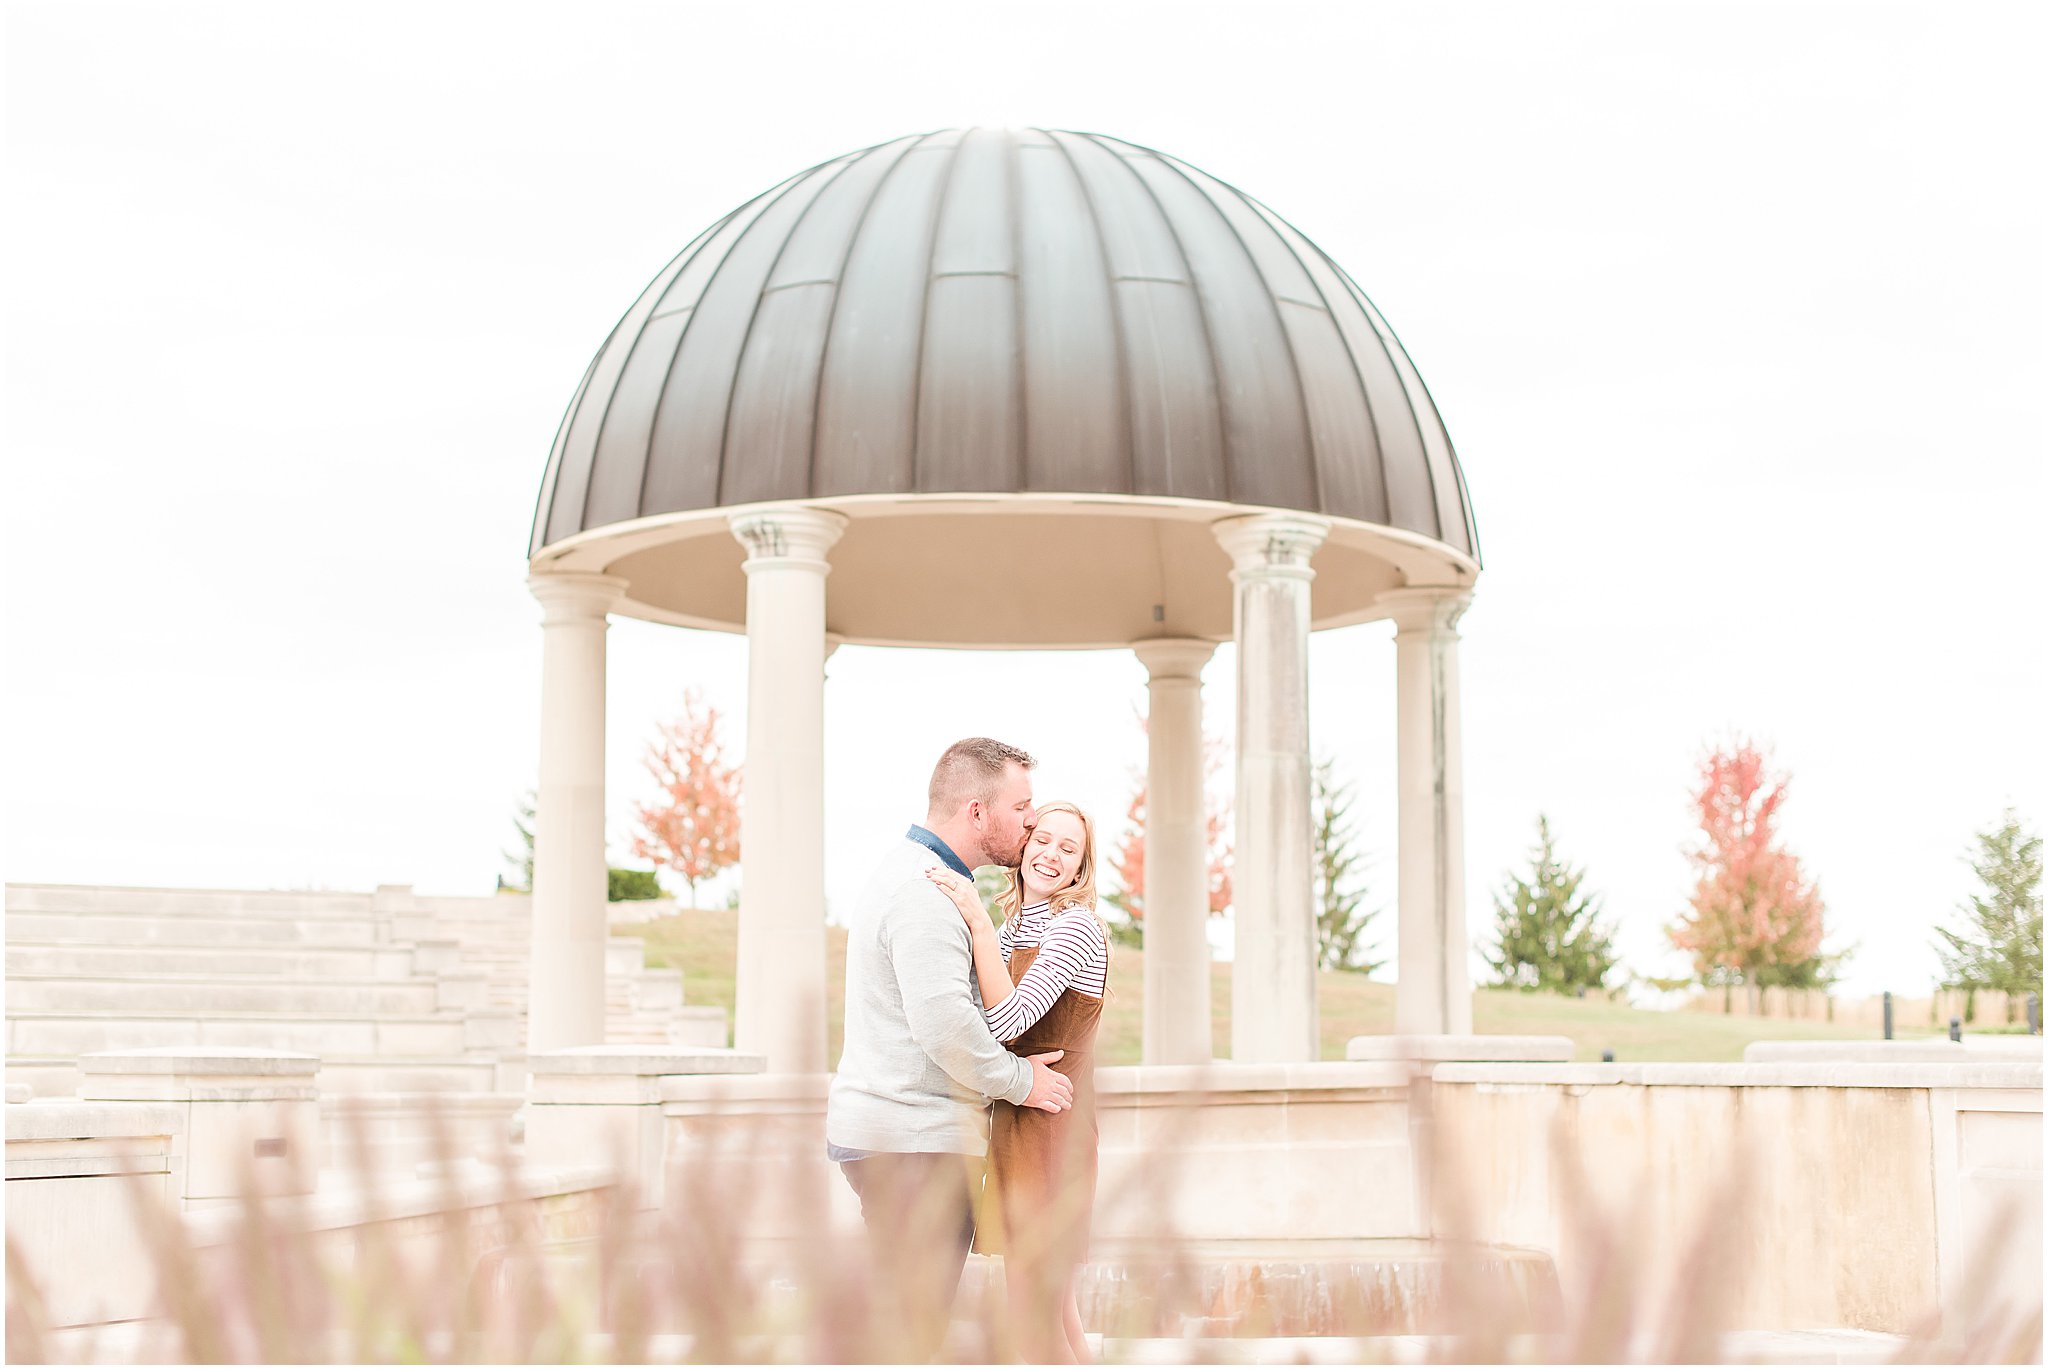 Couples nuzzling and laughing during Coxhall Gardens engagement session
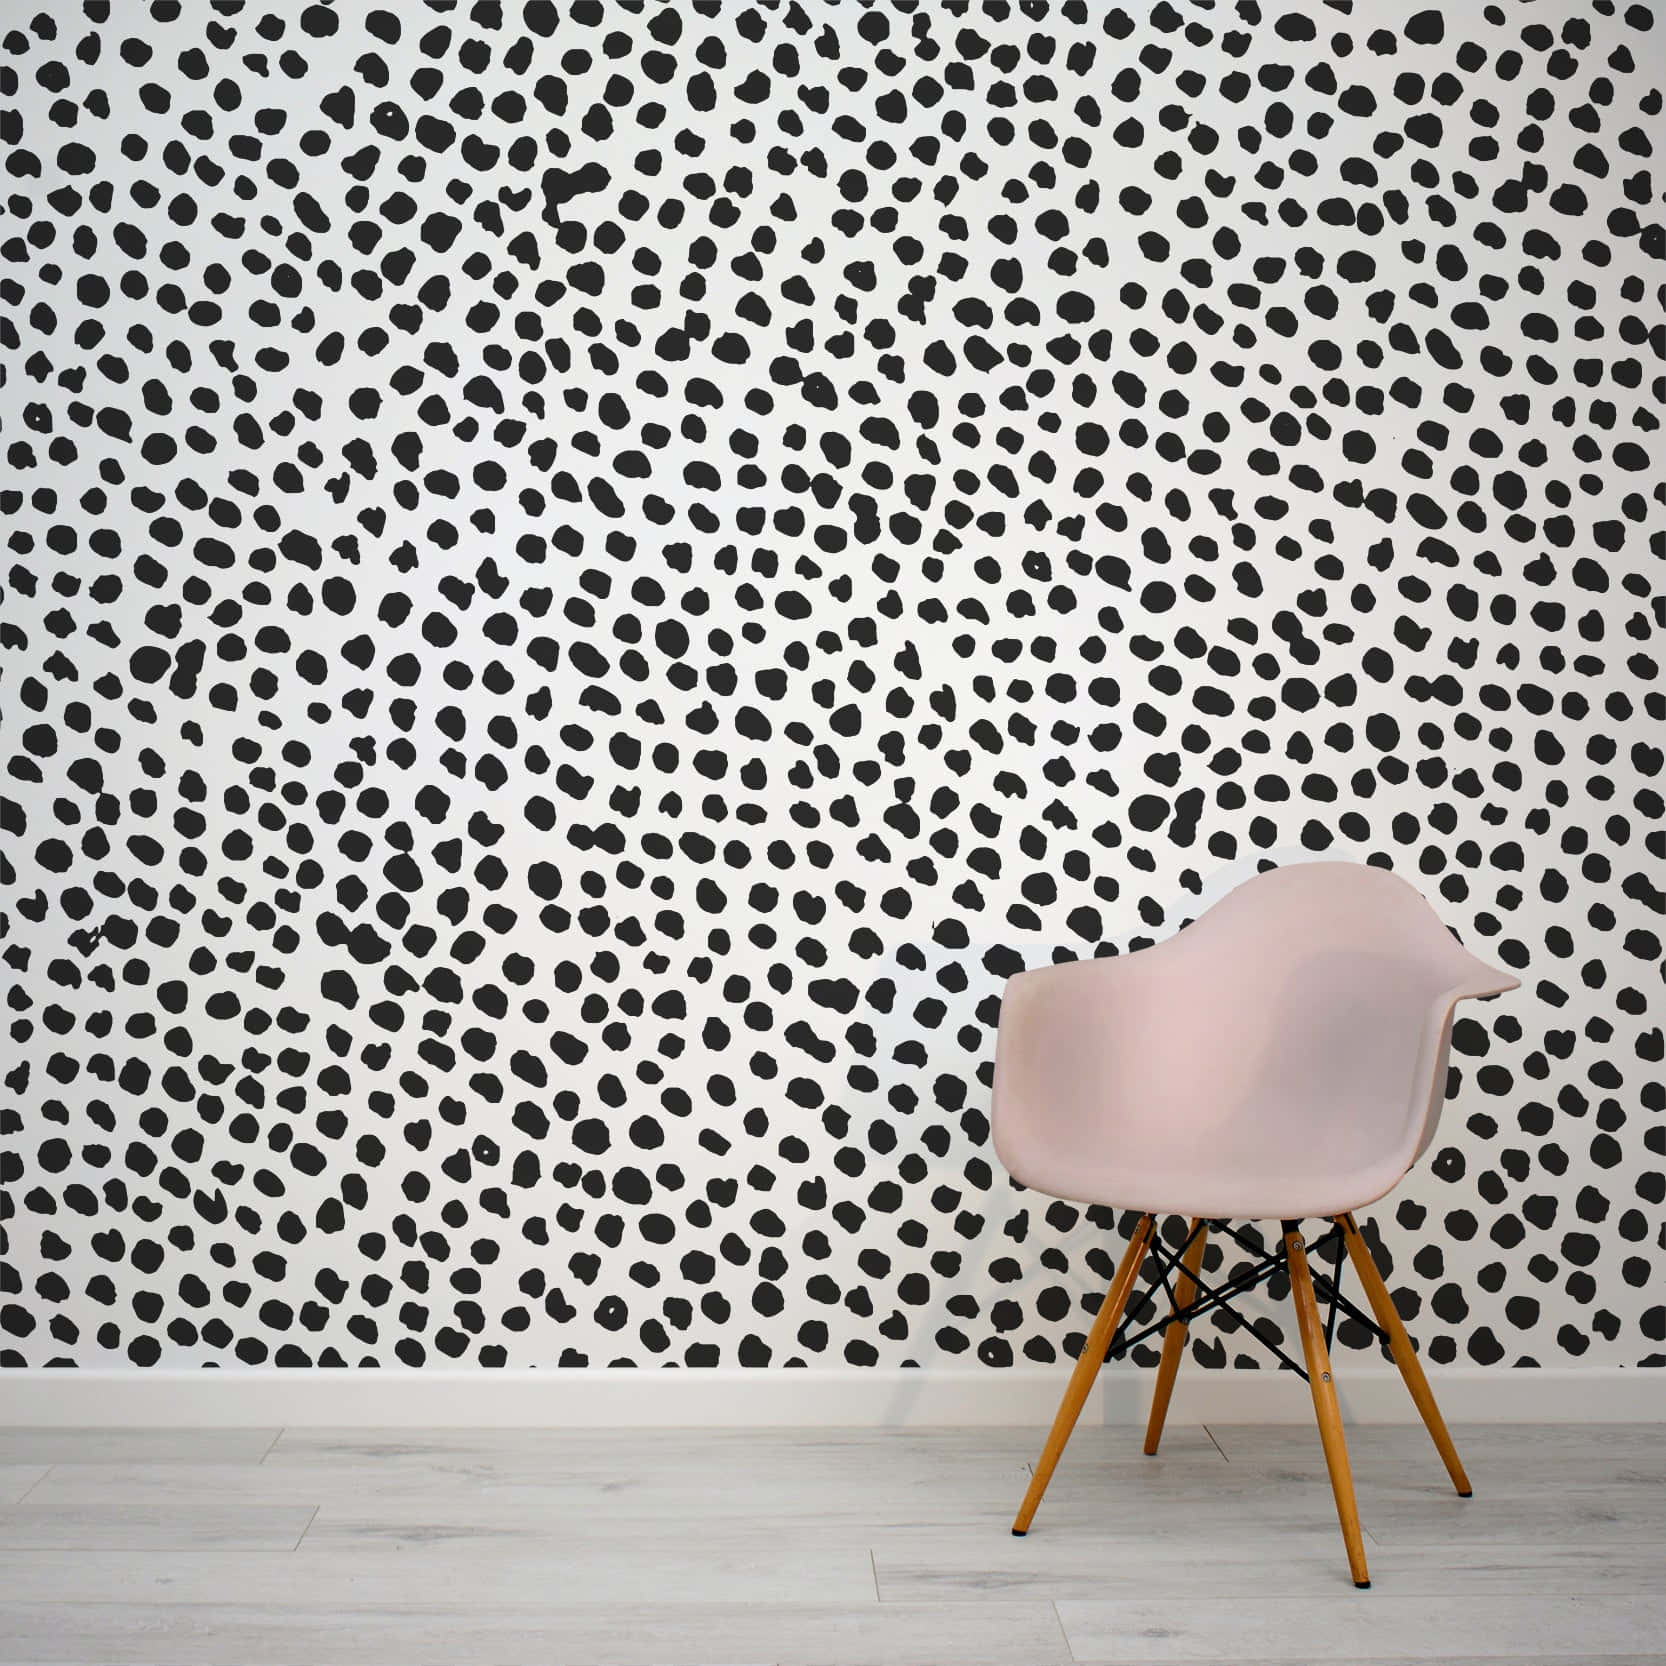 Study the Contrast of Color in this Abstract Shapes Wallpaper
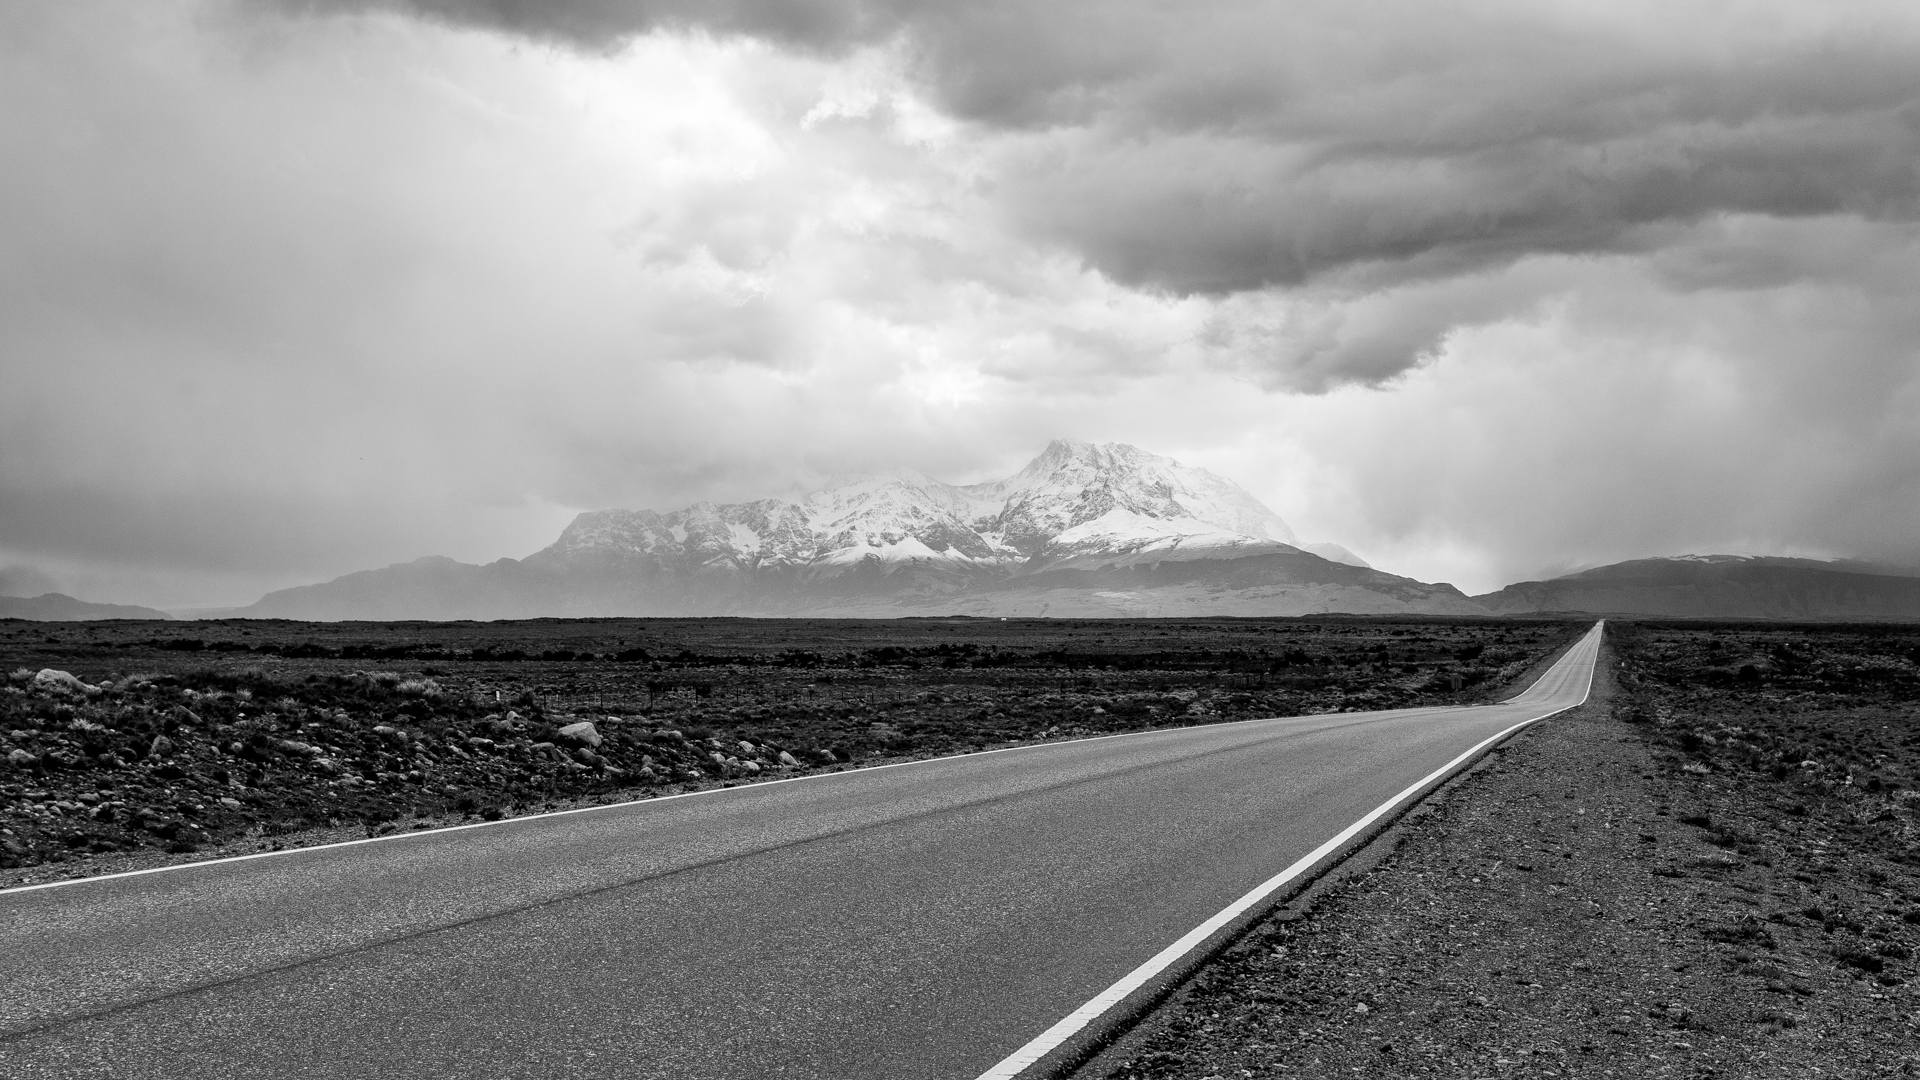 black and white: a two-lane road across a dessert with mountains in the distance and cloudy sky above

** Task goal **
Return the full material word for word. Do not include the pictures.

** Output of the task **
 Couples nuzzling and laughing during Coxhall Gardens engagement session
 Study the Contrast of Color in this Abstract Shapes Wallpaper
 black and white: a two-lane road across a dessert with mountains in the distance and cloudy sky above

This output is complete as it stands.